What is the status of abbreviated functions in C++? [duplicate]

Question

What's the status of abbreviated functions in C++? Searching around, I see some mention of it in a working draft on C++ concepts. At the same time, GCC seems to have no problems with code like

#include <iostream>

auto foo(auto x) {
    std::cout << x << std::endl;
}

int main() {
    foo(1);
    foo(1.2);
}

Now, if I do compile with -Wpedantic, I get the warning:

g++ -std=c++14 -Wpedantic test08.cpp -o test08
test08.cpp:3:9: warning: ISO C++ forbids use of 'auto' in parameter declaration [-Wpedantic]
 auto foo(auto x) {
         ^

which tells me that abbreviate functions are not fully in the standard. As such, what's their current status with respect to the C++ standard and with respect to common C++ compilers?

Answer 1

I think what you're asking about is Abbreviated Function Templates. The document that you link to defines it this way:

If the auto type-specifier appears in a parameter type of a function declaration, the function declaration declares an abbreviated function template. Example: void f(const auto&, int);

Meaning that example would translate to:

template <typename T>
void f(const T&, int);

The C++14 standard is getting generic lambdas.
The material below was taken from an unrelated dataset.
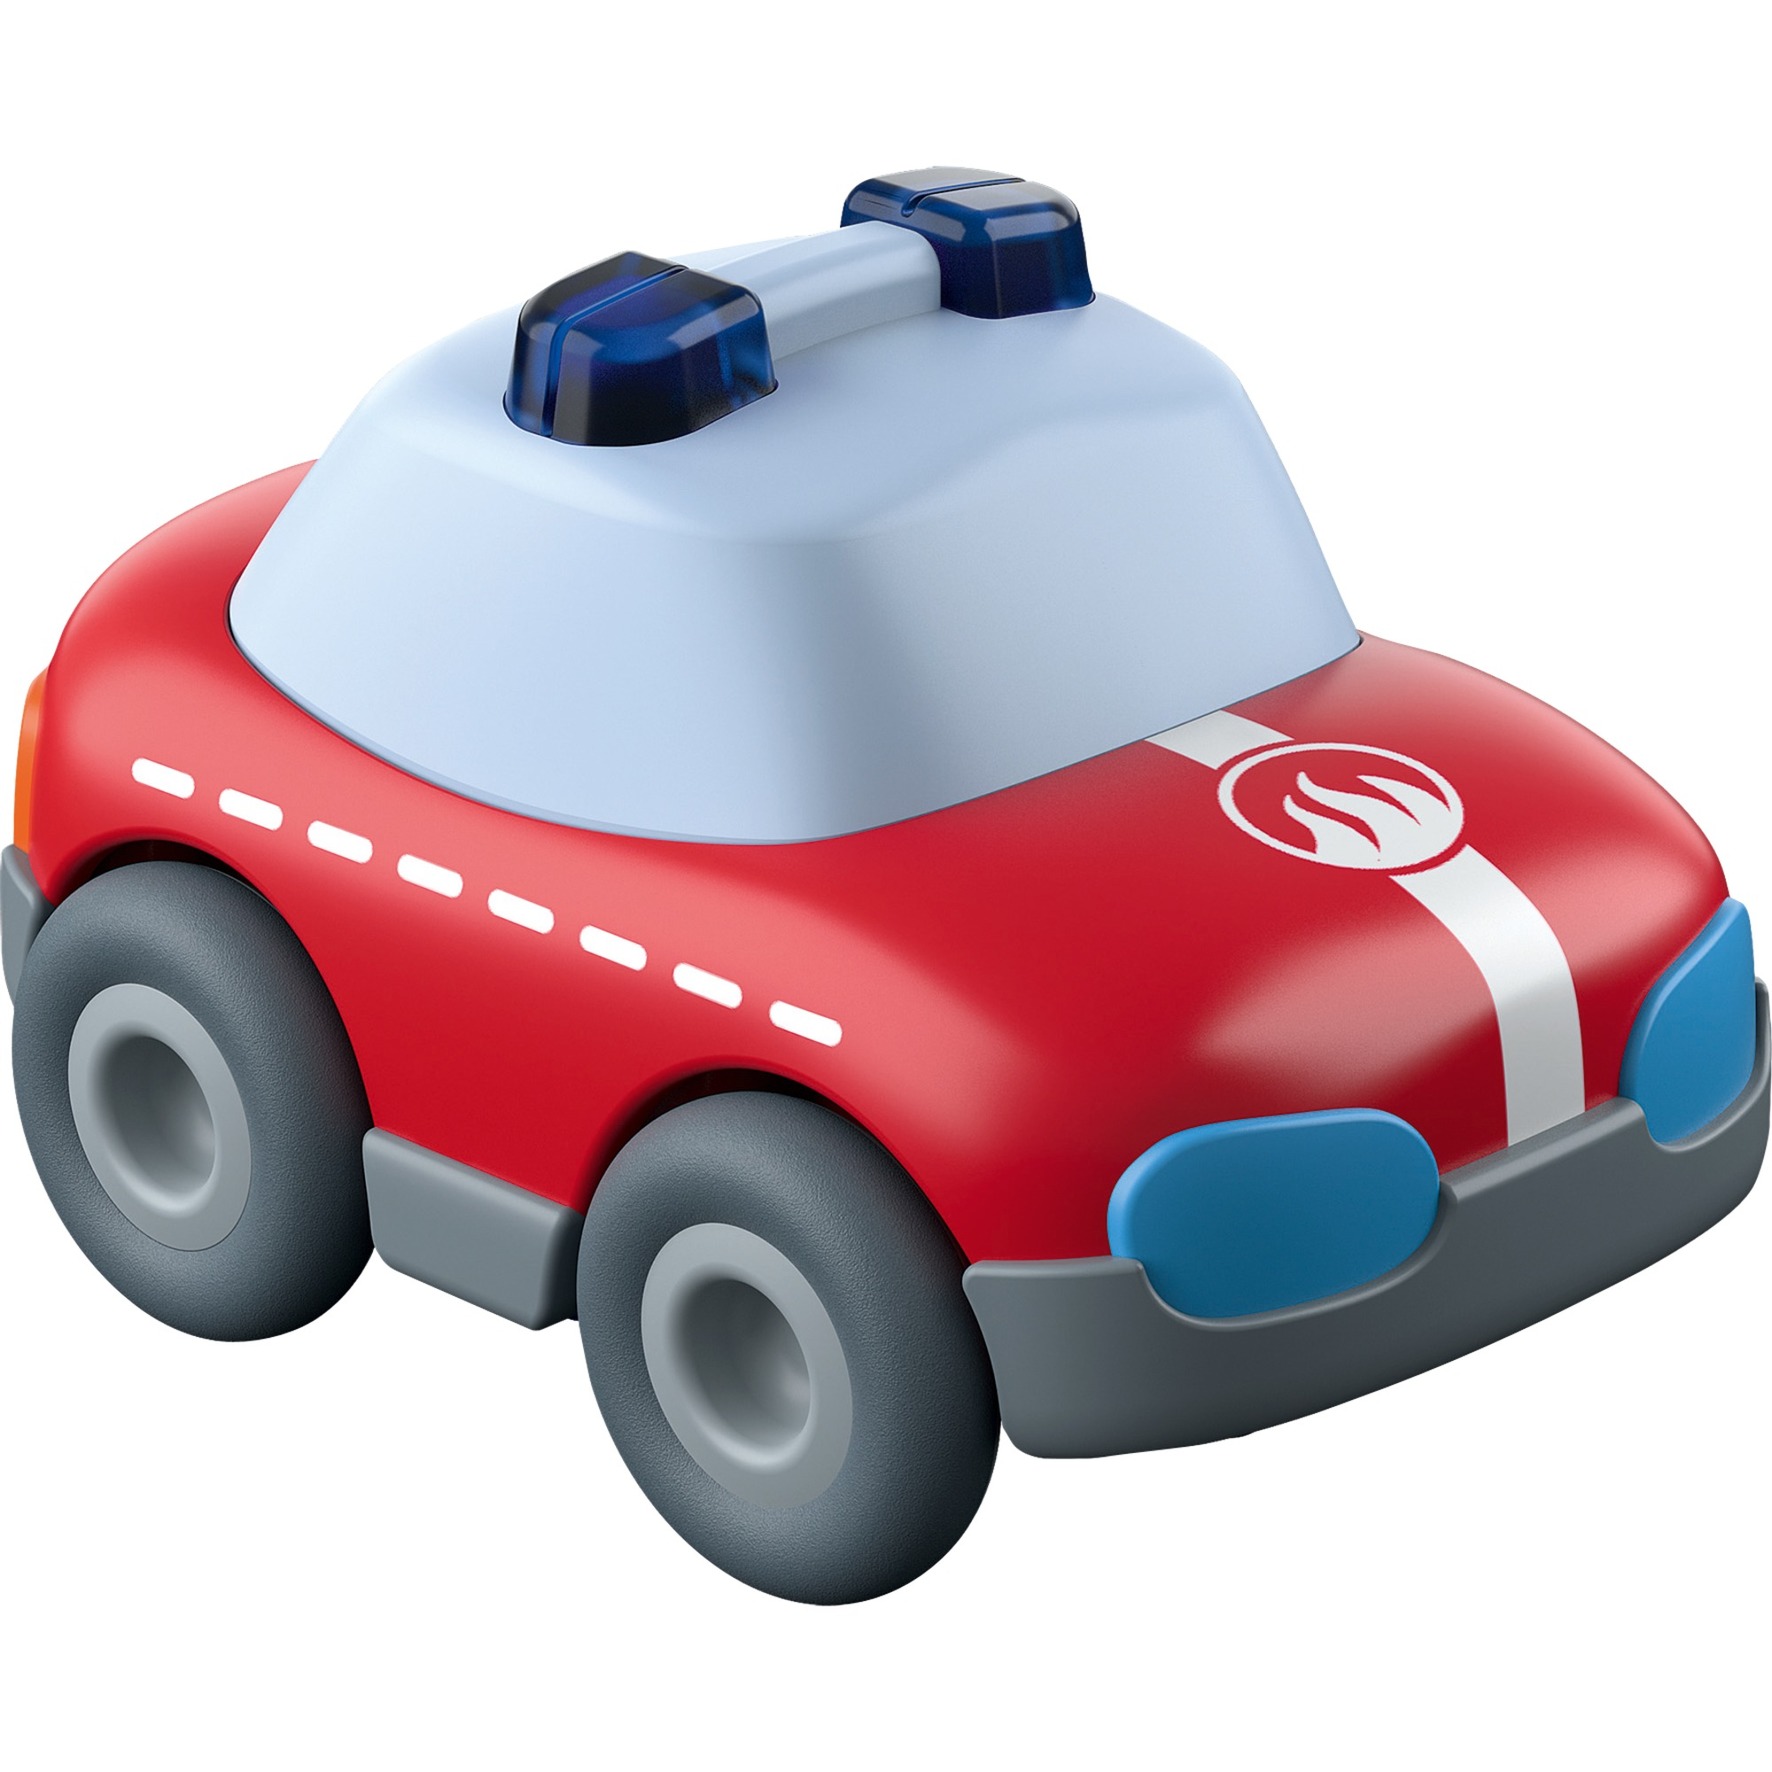 302974, Toy vehicle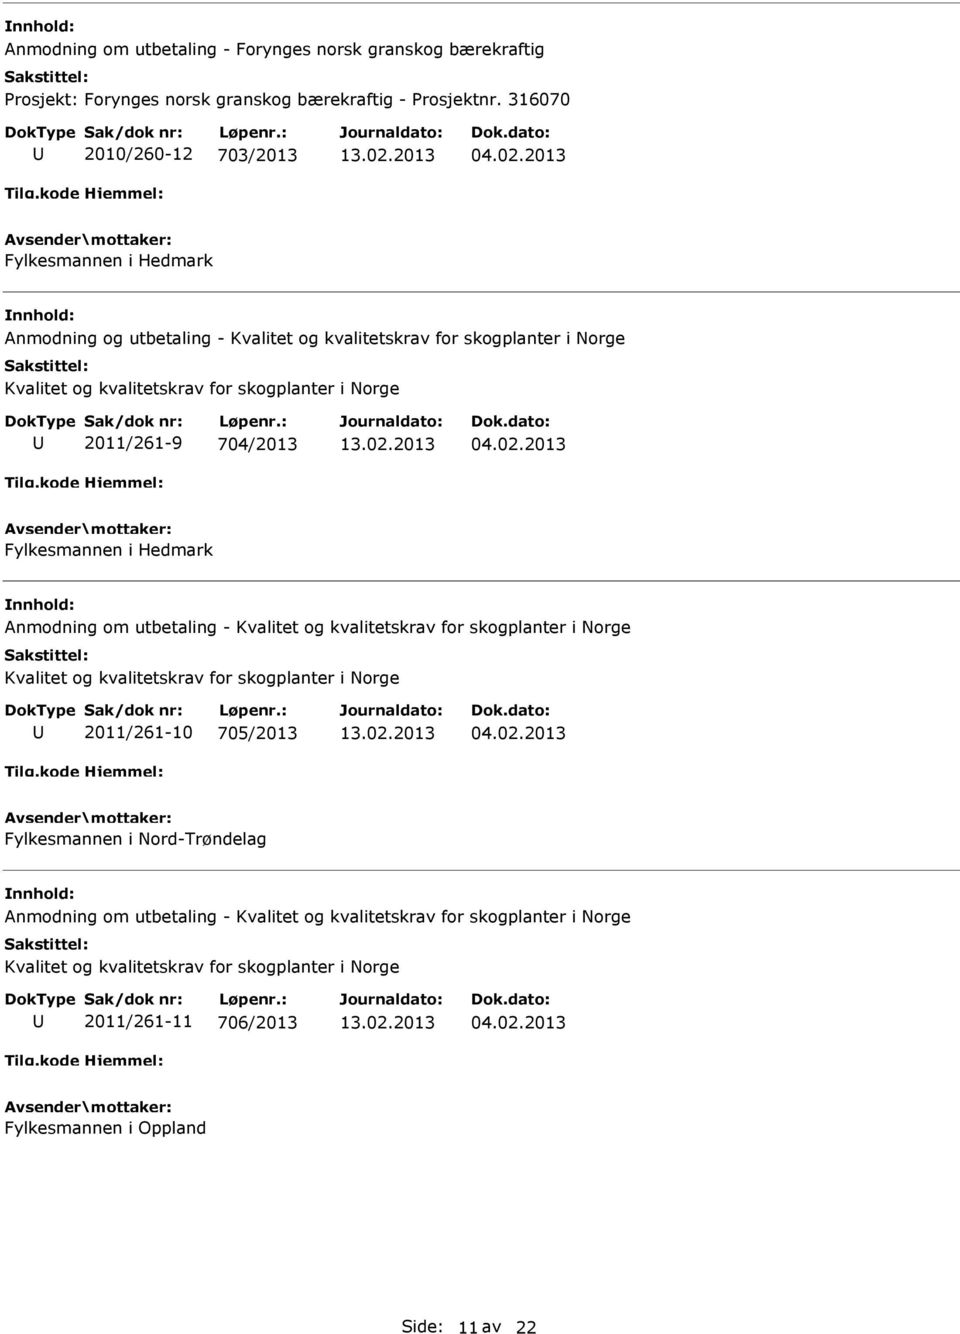 2013 Fylkesmannen i Hedmark Anmodning om utbetaling - Kvalitet og kvalitetskrav for skogplanter i Norge Kvalitet og kvalitetskrav for skogplanter i Norge 2011/261-10 705/2013 04.02.

Example: auto lambda = [](auto x, auto y) {return x + y;}; But I haven't seen anything saying that "generic lambda" functionality will be extended to traditional functions.

Unlike Technical Report 1, Technical Report 2 will be released as seperate technical specifications: Is TR2 Going to be Released in C++17?

It appears that the next hurdle for the Concepts Technical Specification in particular is the WG21 Concepts Meeting.

You can read a bit more about the Concepts Technical Specification here: http://en.wikipedia.org/wiki/Concepts_%28C%2B%2B%29

Answer 2

It looks like you are trying to create a templated function, well at least it looks like you need one :)

template <typename X>
void foo(X x) {
    std::cout << x << std::endl;
}

This will expand during compile time, how should the compiler know which type auto should be interpreted as? In your example you use two different types.

Note though that you are not returning anything inside your function, but still uses auto as return type.